Structure Of Nephron explained detail here

Structure Of nephron can be detail here

• Glomerulus

The glomerulus is the main filter of the nephron and is located within the Bowman's capsule. A glomerulus and its surrounding Bowman's capsule constitute a renal corpuscle, the basic filtration unit of the kidney. From the Bowman’s Capsule, extends a narrow vessel, called the proximal convoluted tubule. This tubule twists and turns until it drains into a collecting tubule that carries urine toward the renal pelvis.
Glomerulus is a network of extremely thin blood vessels called capillaries. The glomerulus resembles a twisted mass of tiny tubes through which the blood passes. The glomerulus is semipermeable, allowing water and soluble wastes to pass through and be excreted out of the Bowman's capsule as urine. The filtered blood passes out of the glomerulus into the Efferent arteriole to be returned through the medullary plexus to the intralobular vein. 

A large volume of ultrafiltrate is produced by the glomerulus into the capsule. As this liquid traverses the proximal convoluted tubule, most of its water and salts are reabsorbed, some of the solutes completely and others partially. 

A glomerulus is a capillary tuft surrounded by Bowman's capsule in nephrons. It receives its blood supply from an afferent arteriole of the renal circulation. Unlike most other capillary beds, the glomerulus drains into an efferent arteriole rather than a venule. The resistance of the arterioles results in high pressure in the glomerulus aiding the process of ultrafiltration where fluids and soluble materials in the blood are forced out of the capillaries and into Bowman's capsule. The rate at which blood is filtered through all of the glomeruli, and thus the measure of the overall renal function, is the glomerular filtration rate (GFR).

• Henle’s Loop

 Henle’s Loop is part of renal tubule which become extremely narrow that extending down away from Bowman’s capsule and then back up again form a U shape. Surrounding loop of Henle and the other parts of the renal tubule is a network of capillaries, which are formed from a small blood vessel that branches out from glomerulus. 

The liquid entering the loop is the solution of salt, urea, and other substances passed along from glomerulus by proximal convoluted tubule. In this tubule, most of the dissolved components needed by the body; particularly glucose, amino acids, and sodium bicarbonate, is reabsorbed into the blood. The first segment of the loop, the descending limb, is permeable to water, and the liquid reaching the bend of the loop is much richer than the blood plasma in salt and urea. 

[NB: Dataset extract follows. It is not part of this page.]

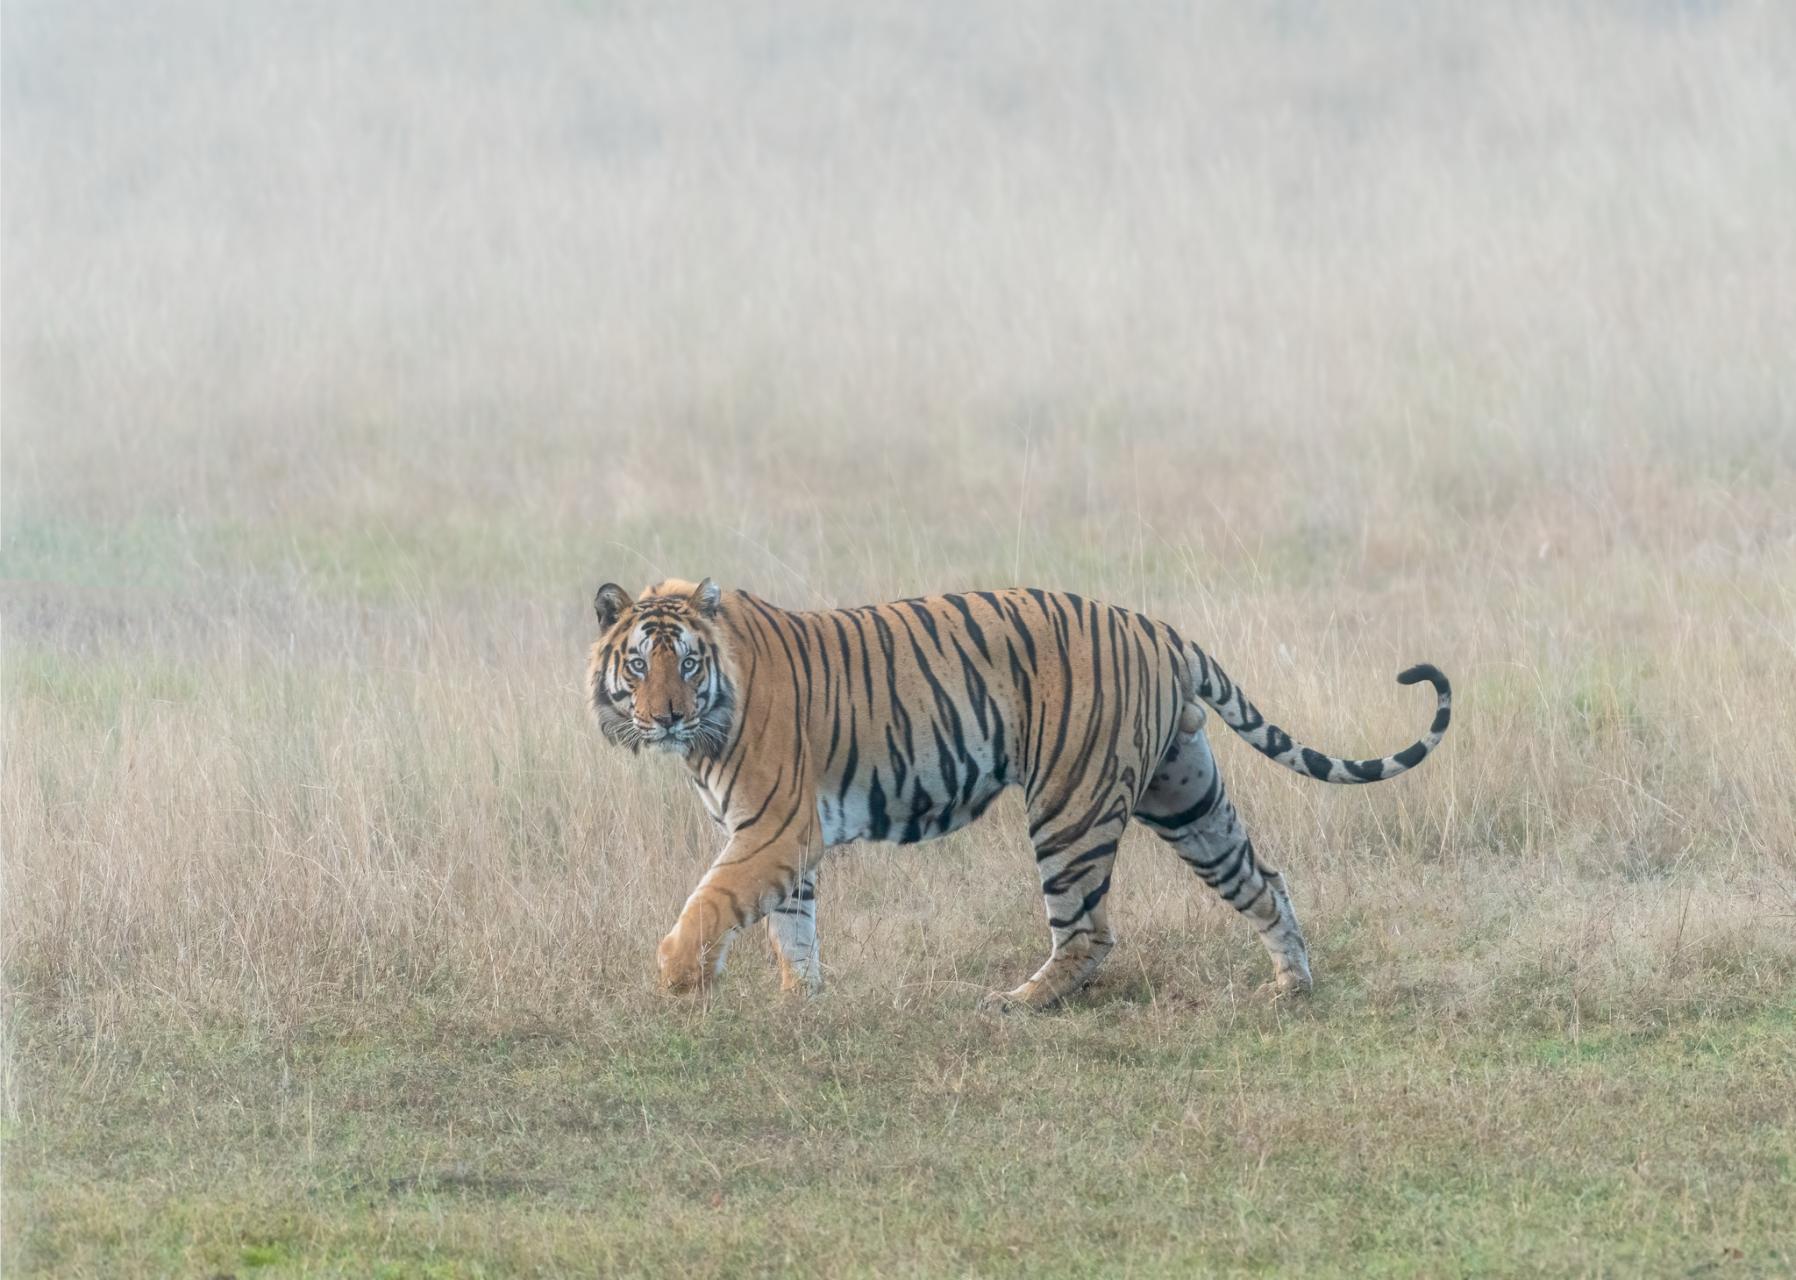 Tiger in Mist

As the liquid returns through the ascending limb, sodium chloride diffuses out of the tubule into the surrounding tissue, where its concentration is lower. In the third segment of the loop, the tubule wall can, if necessery, effect further removal of salt, even against the concentration gradient, in an active-transport process requiring the expenditure of energy. In a healty person the reabsorption of salt from the urine exactly maintains the bodily requirement: during periods of low salt intake, none is allowed to escape in the urine, but, in periods of high salt intake, the excess is excreted. 

• Renal Collecting Tubule 

Also called Duct of Bellini, any of the long narrow tubes in the kidney that concentrate and transport urine from the nephrons, to larger ducts that connect with the renal calyces. The liquid from the loop of Henle get into the Distal Convoluted Tubule in which reabsorbtion of sodium continues throughout the whole distal tubule. This reabsorbtion extends to the early part of the Renal Collecting Tubule.
Each collecting tubule is about 20-22 milimetres long and 20-50 microns in diameter. The walls of the tubule are composed of cell with hairlike projection, flagellae, in the tube’s channel. Motions of the flagellae help to move secretion through the tubes. As the collecting tubes become wider in diameter, the cells increase in height so that the wall becomes thicker.
The function of the collecting tubes are transportation of urine and absorbtion of water. It is thought that the tissue of the kidney’s medulla, or inner substance, contains a high concentration of sodium. As the collecting tubule travel through the medulla, the concentration of sodium causes water to be extracted through the tubule walls into the medulla. The water diffuses out between the collecting wall cells until the concentration of sodium is equal in the tubes and outside them. Removal of water from the solution in the tubes serves to concentrate the urine content and conserve body water.